The issues around this are more structural and regulatory than technical. Currently there are no standards for this kind of data interchange or for the medical profession’s ability to effectively use this data. Change will likely come from entrepreneurial ventures that combine these technologies to deliver services in a different way. Services like Apple HealthKit and Google Fit may not end up being a panacea or the ultimate integration points for health data, but they certainly point to the future.

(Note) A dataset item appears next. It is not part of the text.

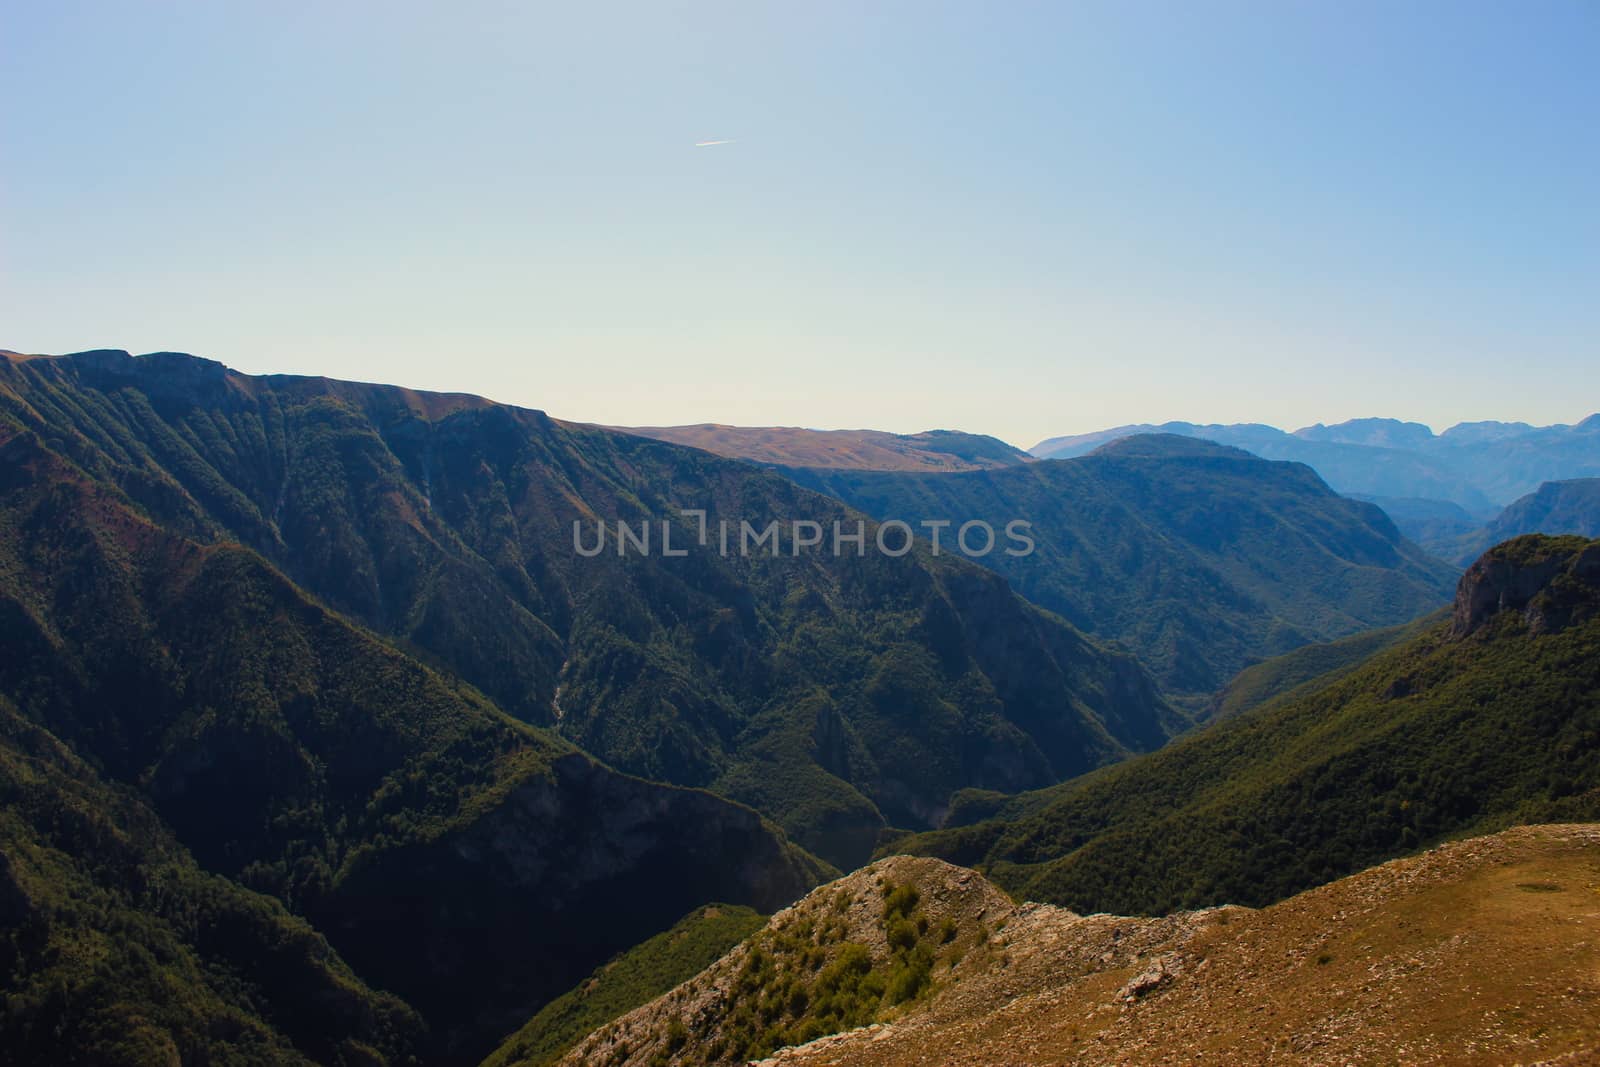 The mountain top elongates and disappears into the background. Mountains of Bosnia and Herzegovina. Bjelasnica Mountain, Bosnia and Herzegovina.

Healthcare at SXSW 2018: Tomorrow’s Promise, Today’s Problems

Kraft also talked about predictive analytics. If we can collect all the data from billions of sensors, we can start predicting how certain behavior will lead to medical issues. If weight creeps up, and other vitals change, it can lead to greater cardiovascular disease risk, for example. What if these analytics were coupled with augmented or virtual reality to show how you’ll look if you keep on the same weight gain trajectory? The visual might jolt you into taking appropriate action. Both collectively and individually, continuous monitoring and data analysis can change behaviors so that symptoms that trigger that doctor visit happen less, or not at all.

The Genome

There are other advances that promise potential cures for cancer and other diseases. Our understanding of DNA and decoding the human genome have advanced faster than Moore’s law. The costs of decoding have come down from $1 million to under $1,000 in the last dozen years, with companies like Illumina and its desktop sequencer leading the way. While the problems with data generation (of gene information) have been largely solved, interpreting that data is still a work in progress. Neuroscientist Ashley Van Zeeland thinks eventually there may be an ecosystem of applications to analyze and interpret your DNA data — perhaps downloadable on your device. Other companies like Ubiome are sequencing specific things like gut bacteria to detect a variety of problems, including cardiovascular disease, kidney disease, metabolic disorders, and gut diseases like Crohn’s.

There are many more advances that are beyond my ability to cover here. But the future for exponential advances in healthcare (to use Dr. Kraft’s term) looks bright. The change in the systemic issues is not likely to come from within, or will be solved by legislation. In the same way that the smartphone revolution created opportunities for companies like Uber and Lyft to revolutionize transportation, health trackers and other devices and sensors, coupled with AI and other analytic software, will provide a new platform of data to power new forms of providing consumer friendly, cost effective care. It will take another 10 to 20 years, but we may look back at today and remember a very different health care landscape, wondering how we ever survived the old way — in the same way we can’t remember how we lived without smartphones.